Safety-Critical Contextual Control via Online Riemannian Optimization with World Models
For control systems with complex world models, this work provides a principled way to ensure safety without explicit dynamics, though the approach is incremental over existing model-based control methods.
This paper introduces a Penalized Predictive Control (PPC) framework for safety-critical control using black-box simulators, leveraging online Riemannian optimization and score-based density models to guide the planner. The method achieves a contextual safety bound controlled by score estimation error and curvature, outperforming baselines in dynamic navigation tasks.
Modern world models are becoming too complex to admit explicit dynamical descriptions. We study safety-critical contextual control, where a Planner must optimize a task objective using only feasibility samples from a black-box Simulator, conditioned on a context signal $ξ_t$. We develop a sample-based Penalized Predictive Control (PPC) framework grounded in online Riemannian optimization, in which the Simulator compresses the feasibility manifold into a score-based density $\hat{p}(u \mid ξ_t)$ that endows the action space with a Riemannian geometry guiding the Planner's gradient descent.

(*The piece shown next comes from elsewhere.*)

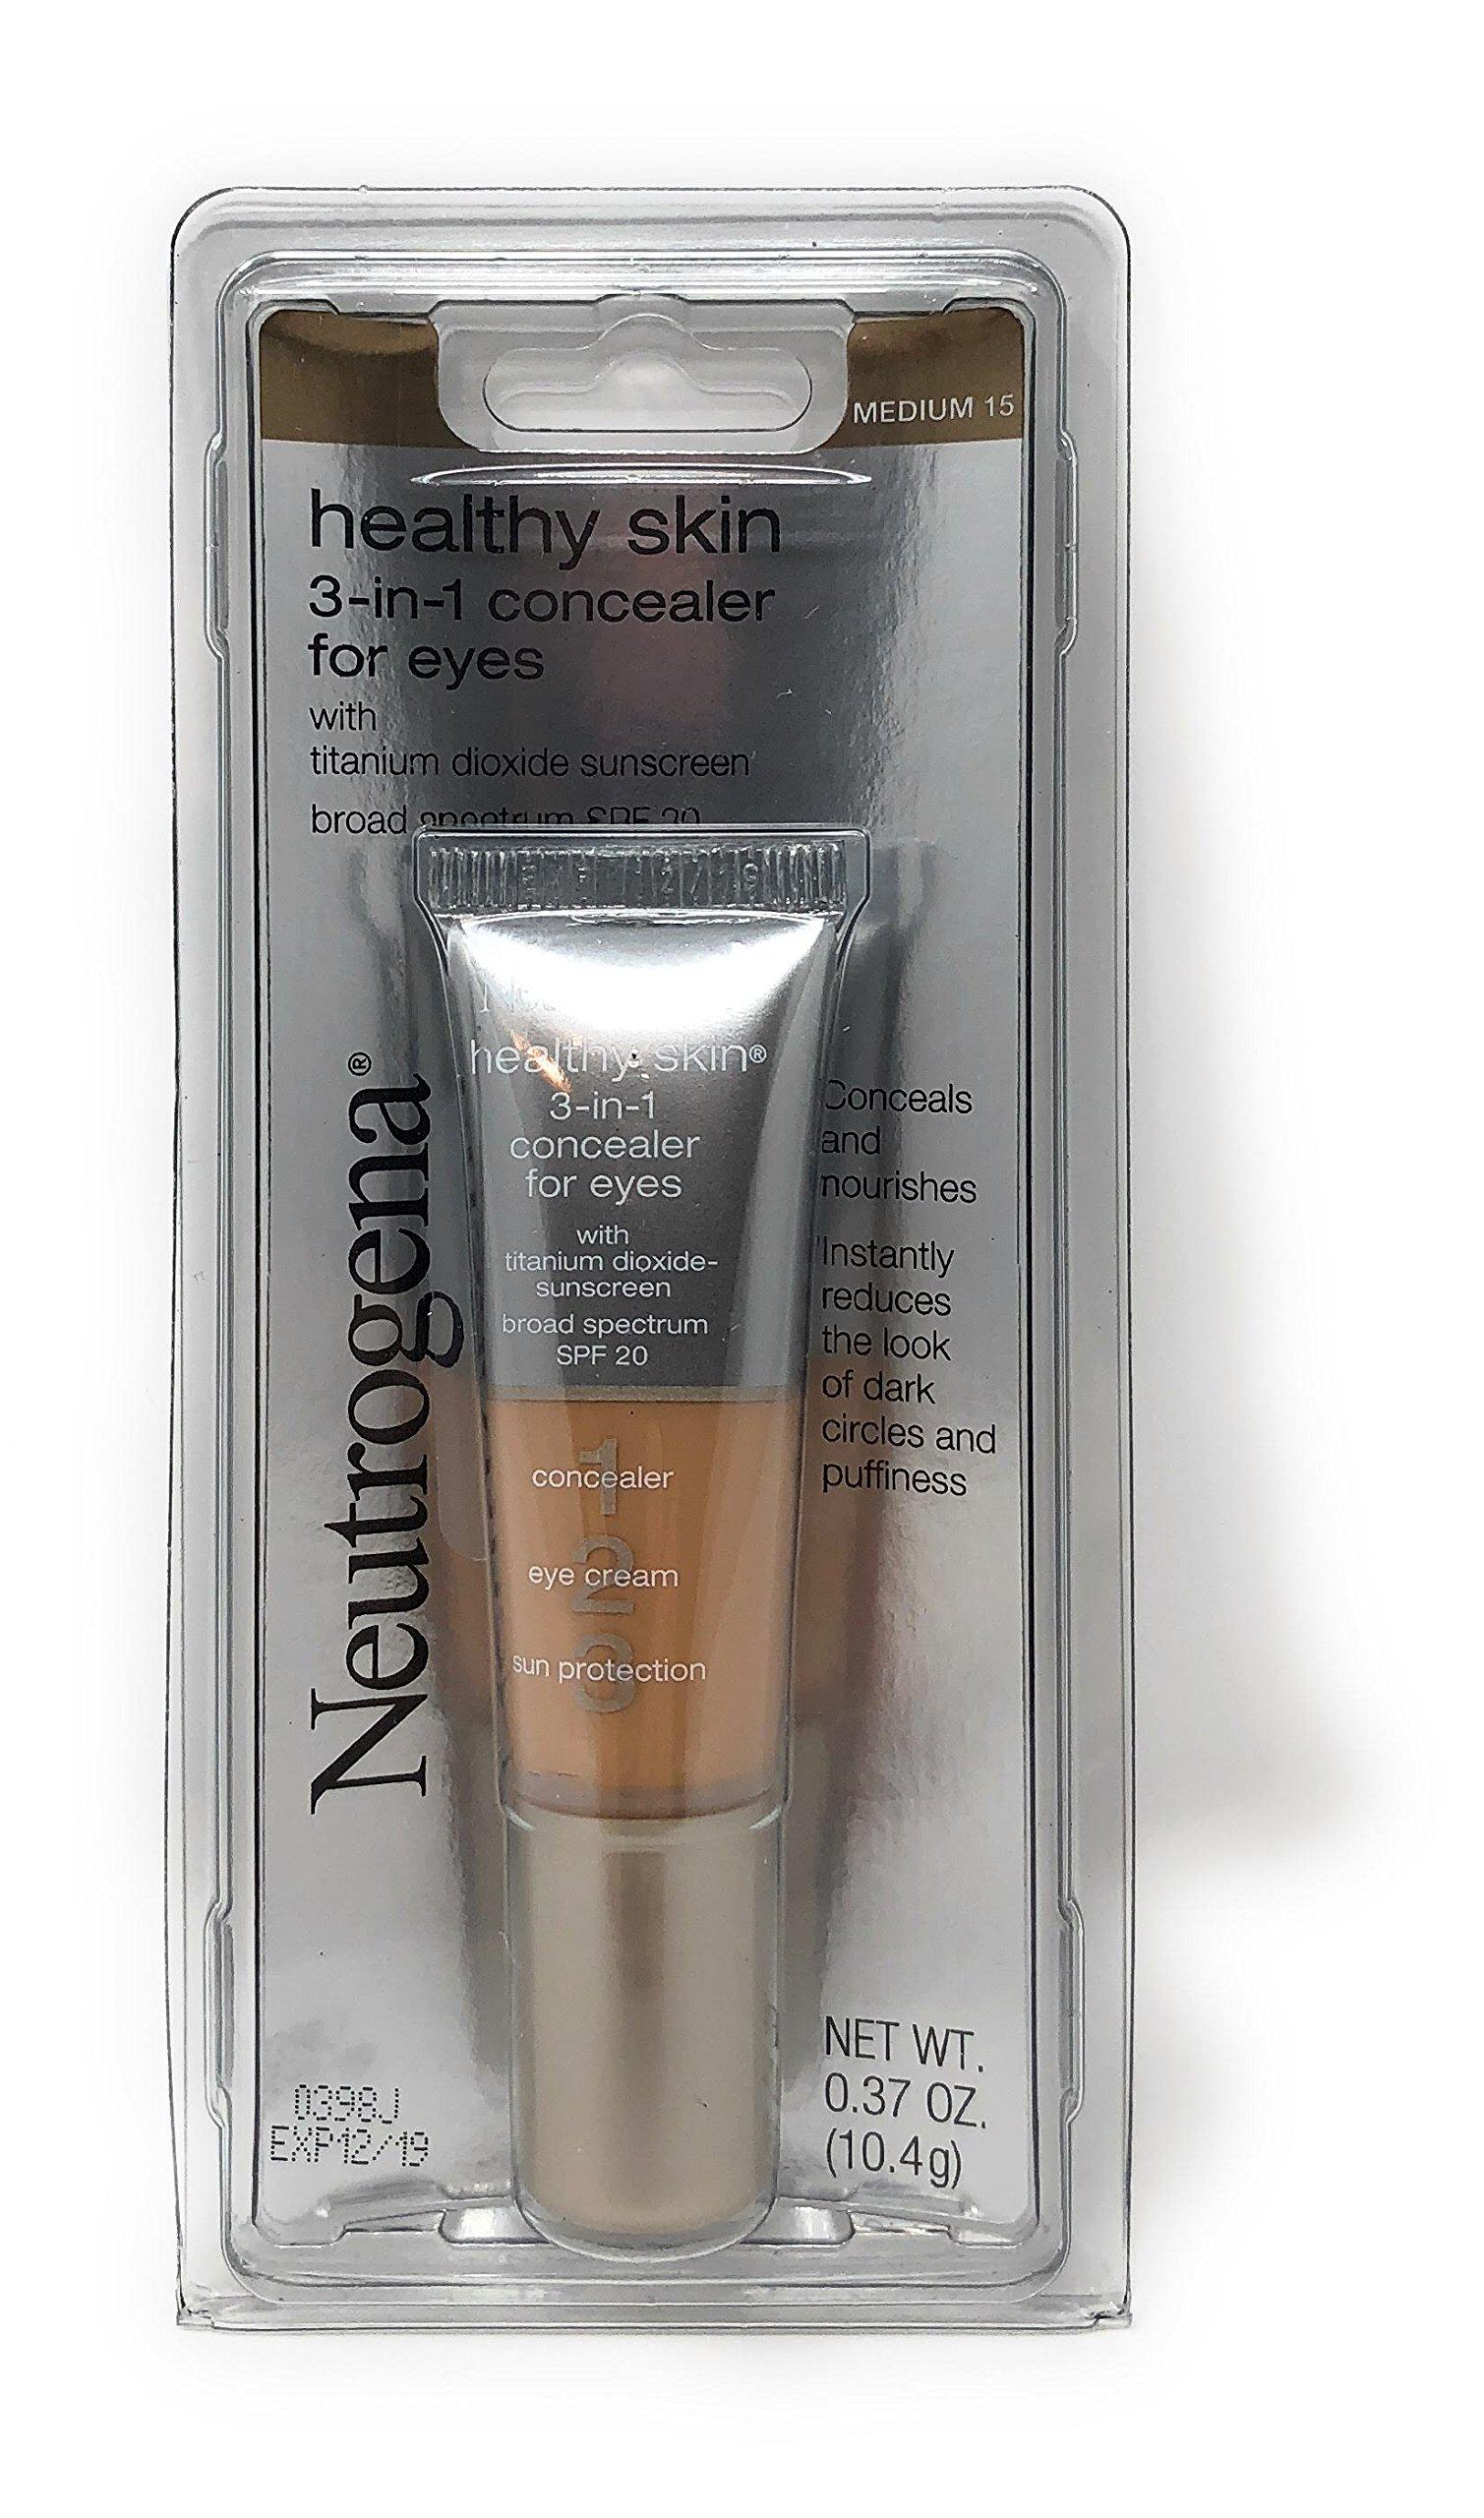 Neutrogena 3-in-1 Concealer for Eyes, Medium [15], 0.37 oz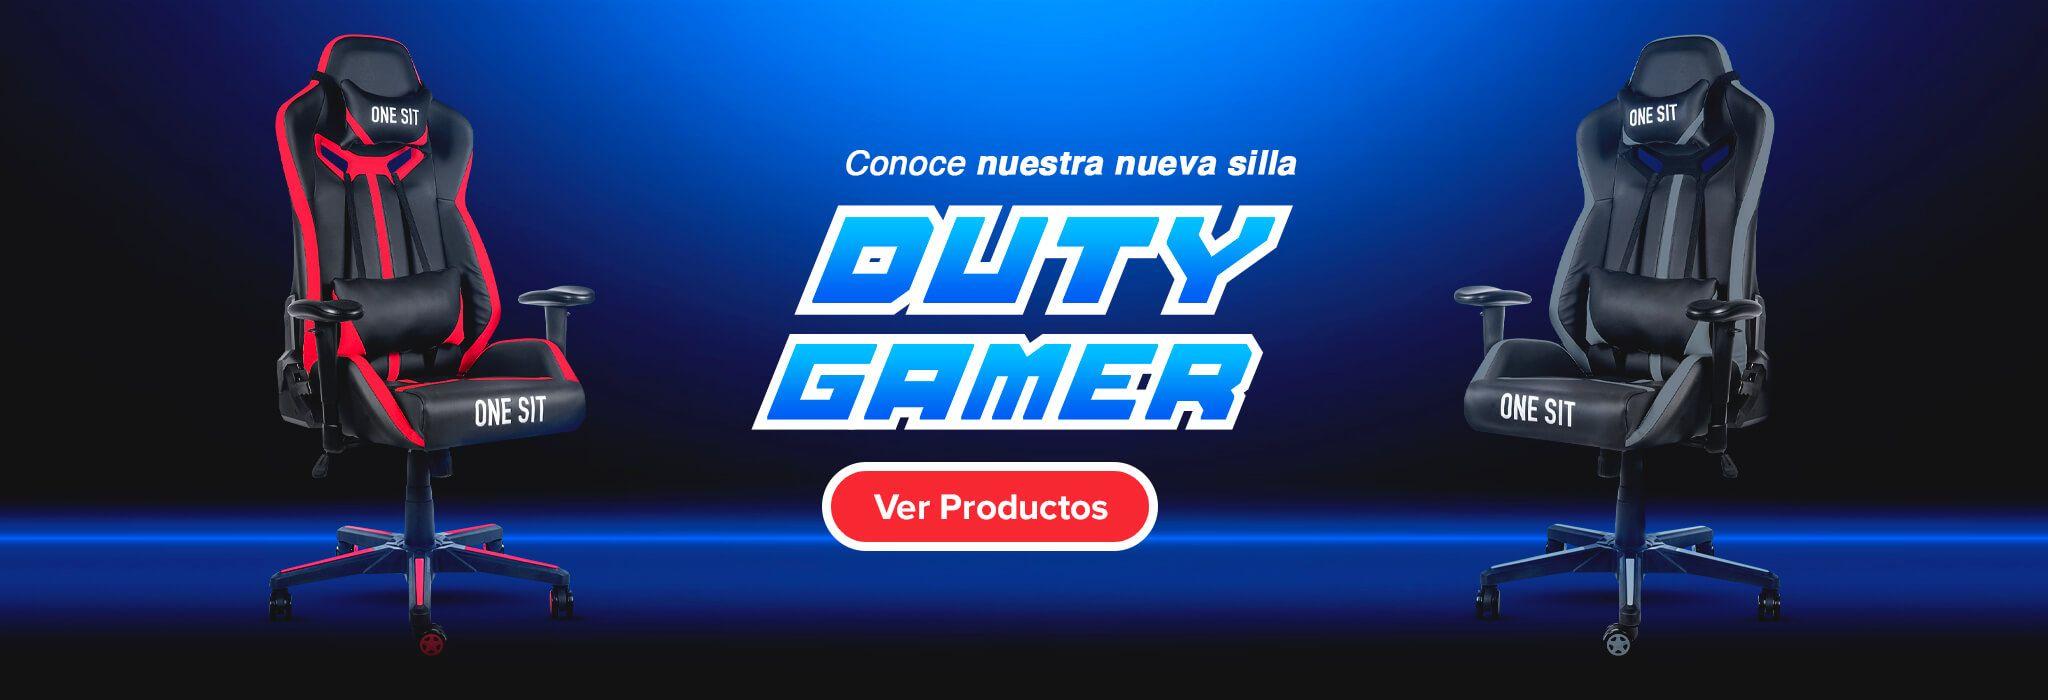 bannerMini gamer

The barrier curvature $κ(ξ_t)$, the minimum curvature of the conditional log-density $-\ln\hat{p}(\cdot\midξ_t)$, governs both convergence rate and safety margin, replacing the Lipschitz constant of the unknown dynamics. Our main result is a contextual safety bound showing that the distance from the true feasibility manifold is controlled by the score estimation error and a ratio that depends on $κ(ξ_t)$, both of which improve with richer context. Simulations on a dynamic navigation task confirm that contextual PPC substantially outperforms marginal and frozen density models, with the advantage growing after environment shifts.